Березовый сок собирали без помощи взрослых, потому что взрослые считали, что им сыт не будешь. Что верно, то верно, потому что “сыт” — это когда поешь и наешься, а березовый сок не ели, а пили, поэтому березовым соком можно было напиться, а не наесться. Взрослые предпочитали если и пить, то что-нибудь другое, пусть даже цвета березового сока, а цвет березового сока был прозрачным. Короче, прозрачность березового сока взрослые не ценили, а зря. По-настоящему его прозрачность оценил лишь Костя. Он учился за границей и, приезжая на каникулы домой, обязательно увозил с собой обратно несколько трехлитровых банок с надписью “Сiк березовий” — штук семь-восемь, не более. На вопрос таможенников он гордо отвечал, что это, мол, враки все о том, что за границей все есть, — сока березового вот там нет! А так хочется! После этого таможенники его сразу благодушно пропускали и дальше не досматривали. У этих банок была, однако, своя подоплека.
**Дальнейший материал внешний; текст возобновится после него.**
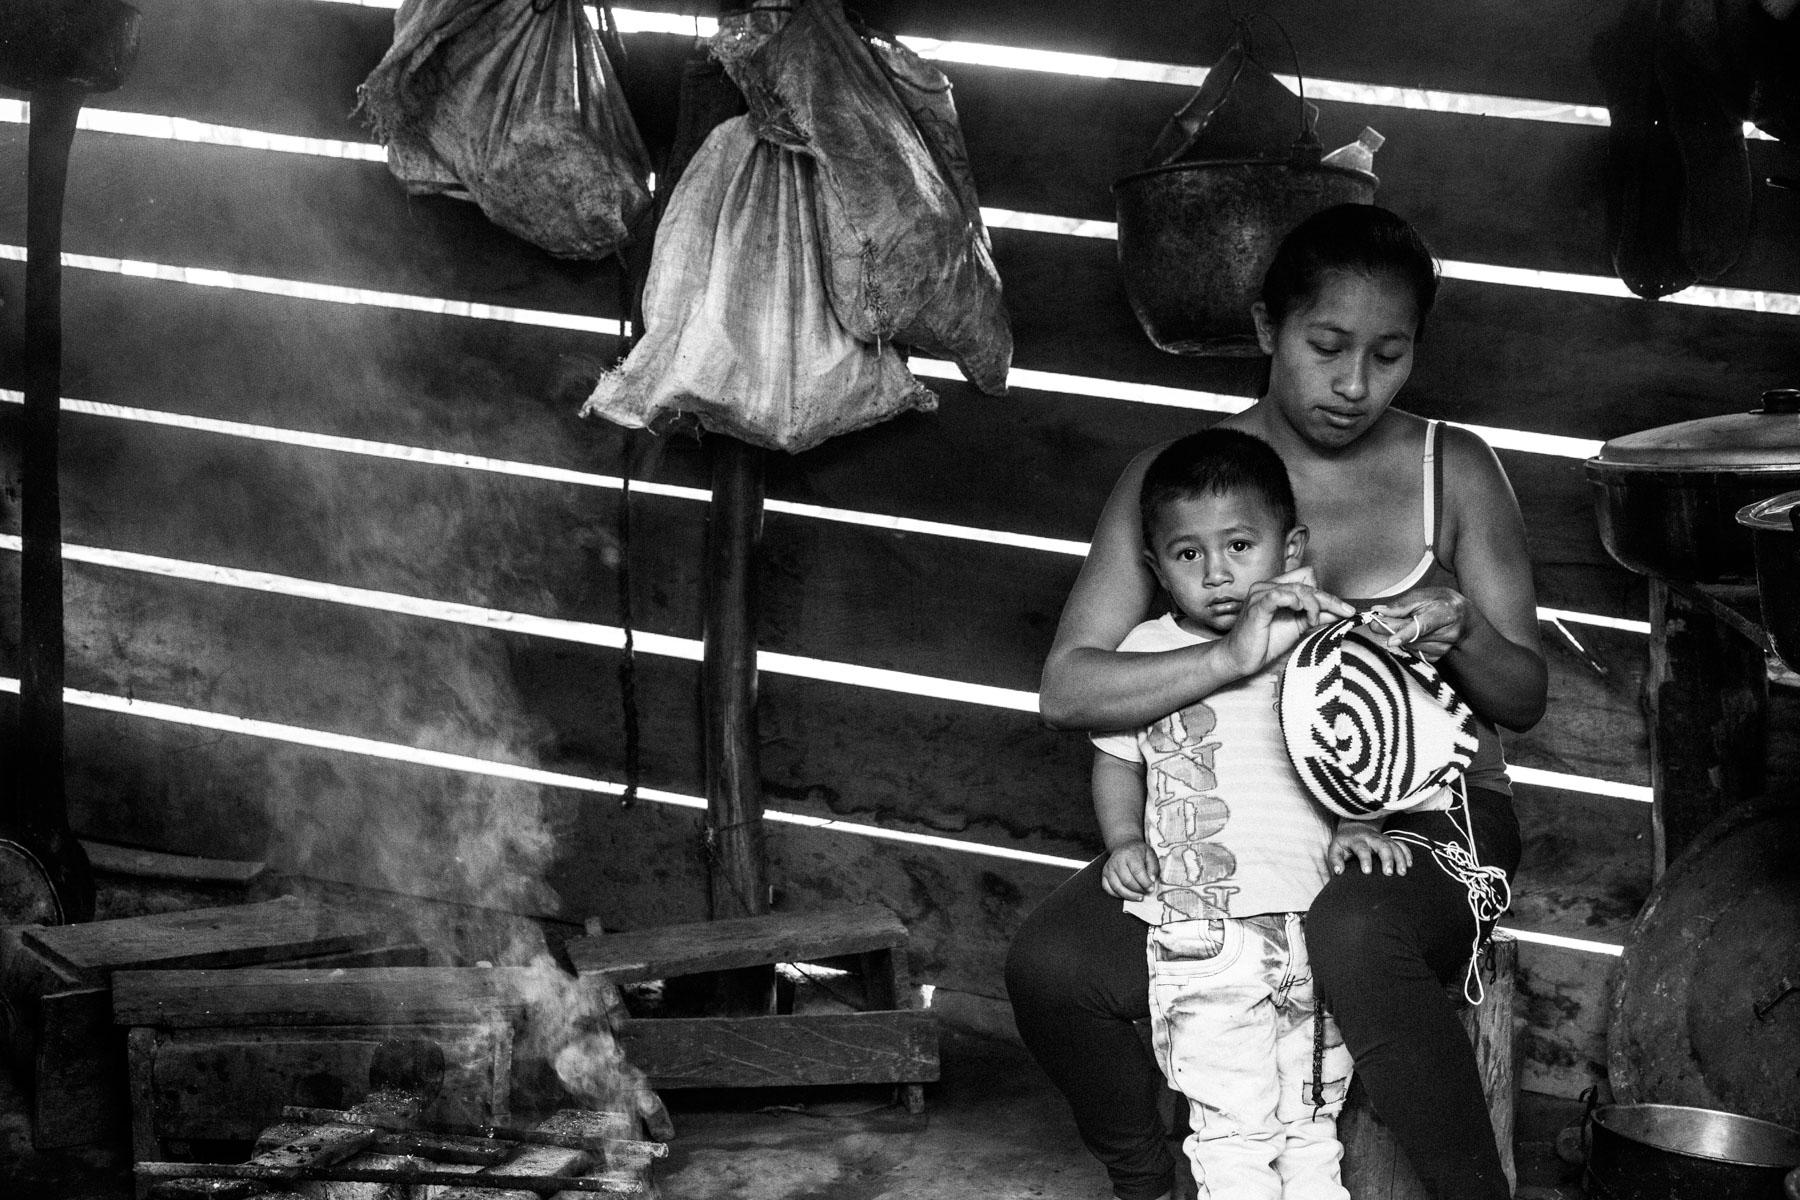 Maria Elena Uscue Ul (21 años) con su hijo David Pavi Nuscue (3 años), La Primicia, Resguardo San Francisco. Cauca, Colombia, Agosto 19, 2018.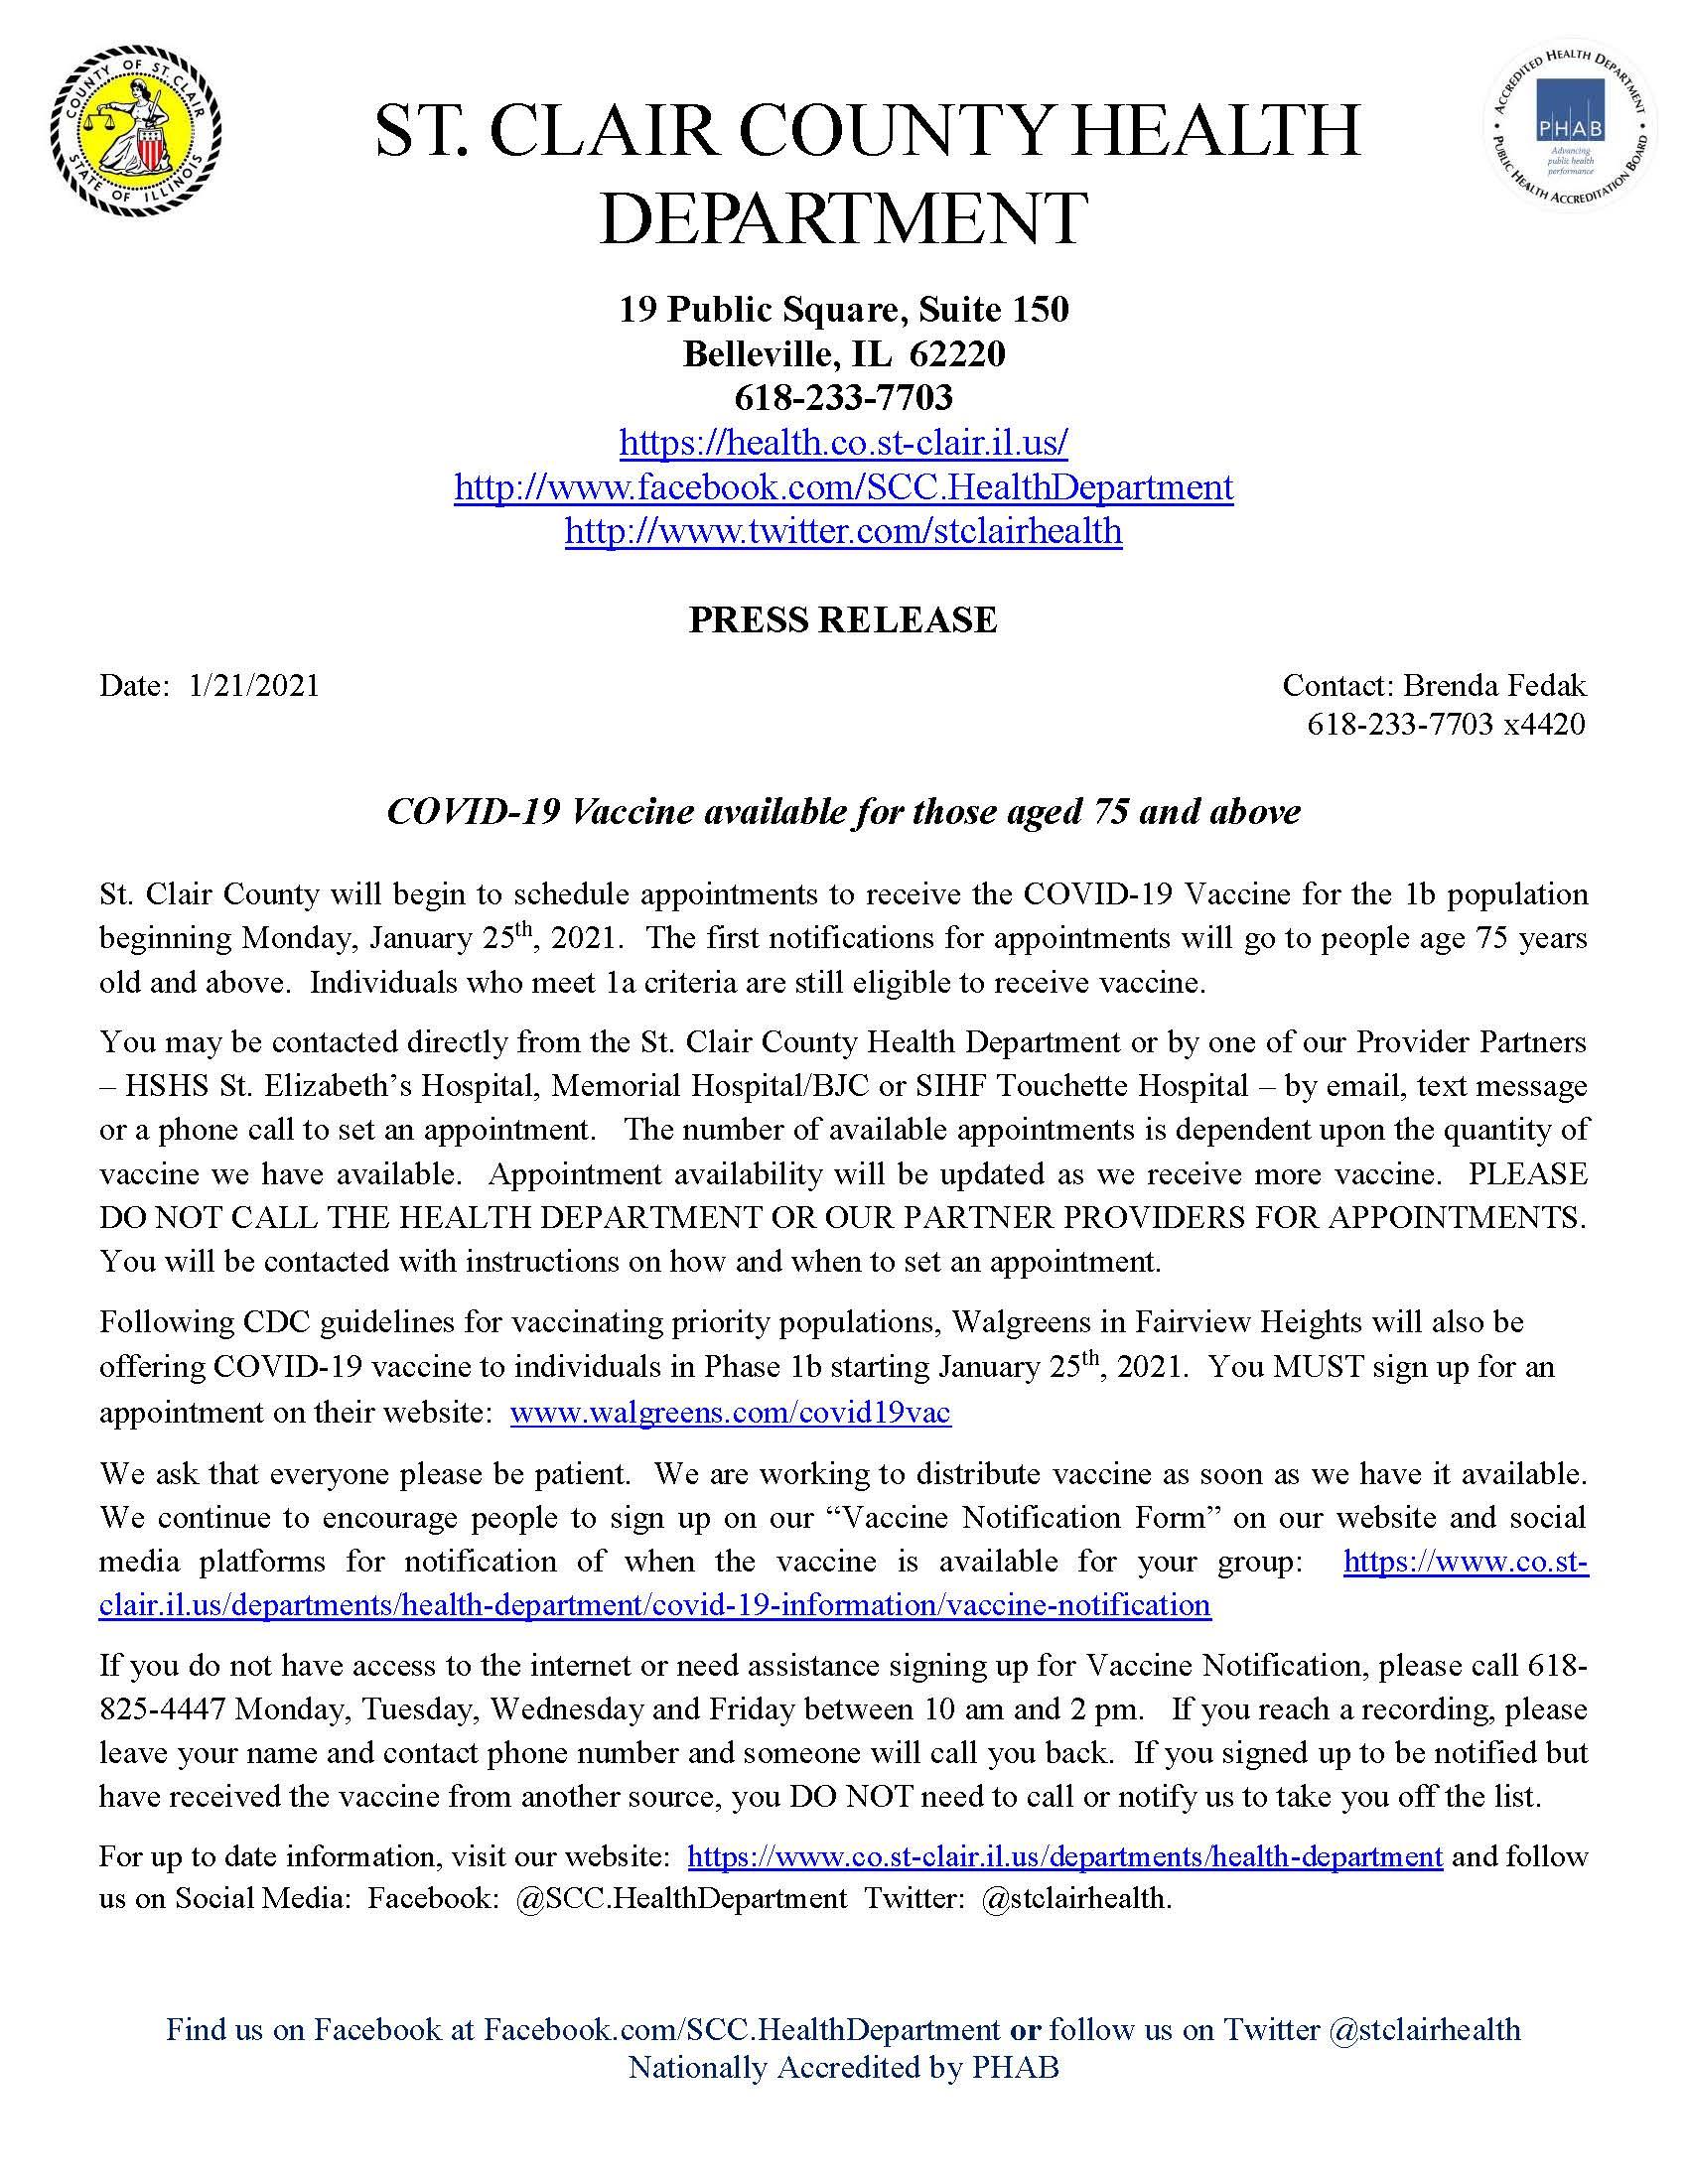 PRESS RELEASE SCCHD COVID Vaccine Update 1-21-2021_Page_1

Дело в том, что бабушка Кости была заведующей одной из московских аптек и в банках с надписью “Сiк березовий” был чистый спирт, который можно было за границей вполне разбавлять и вполне пить, и это в то время, когда провоз спиртных напитков за границу строго ограничивался. Таким образом Костя экономил драгоценную свободно конвертируемую валюту, хотя вполне возможно, что он каким-то образом эту валюту даже и зарабатывал. Как в свое время открыли одинаковую плотность железа и бетона и сделали из этого соответствующие выводы, так и Костя в свое время открыл одинаковую прозрачность березового сока и спирта и сделал из этого тоже соответствующие выводы.

Обычно на сбор сока мы ходили с Серегой Раскатовым и Вовкой Дмитриевым. Вовка был сыном дяди Димы, и жили они рядом со Скачковыми. Дядя Дима тоже все с кобурой ходил, потому что работал там же, где и Адольф Иваныч, только Адольф Иваныч начальником был, поэтому его все звали Адольф Иванычем, и кобура у него была большая, а дядя Дима был подчиненным Адольф Иваныча, поэтому все его звали дядей Димой, и кобура у него была маленькая.

Сережка, не Раскатов, а Скачков, сын Адольф Иваныча, будучи постарше Вовки Дмитриева, считал своим долгом в силу своего положения сына Адольф Иваныча всячески третировать Вовку Дмитриева в силу его положения сына дяди Димы: то подзатыльник ему отвесит, то саечку за испуг, то щелбан, а то прикажет куда-нибудь быстро сбегать и чего-нибудь ему принести. Вовка Дмитриев вынужден был все это терпеть, потому что считал, что если он этому третированию поддаваться не будет, то тогда Адольф Иваныч начнет в отместку третировать дядю Диму и будет отвешивать ему подзатыльники, саечки за испуг и щелбаны, а также приказывать куда-нибудь быстро сбегать и чего-нибудь ему принести, причем третировать Адольф Иваныч будет дядю Диму исключительно в рабочее время, потому что в нерабочее он занимается разгадыванием кроссвордов, а это уже совсем никуда не годится, потому что в рабочее время надо работать, а не третировать. Вот и страдал за отца Вовка все время, за исключением, конечно, когда мы ходили за березовым соком, потому что Сережка, сын Адольф Иваныча, с нами не ходил, и правильно, потому что наши с Серегой Раскатовым отцы не были подчиненными Адольф Иваныча, да и лес все-таки...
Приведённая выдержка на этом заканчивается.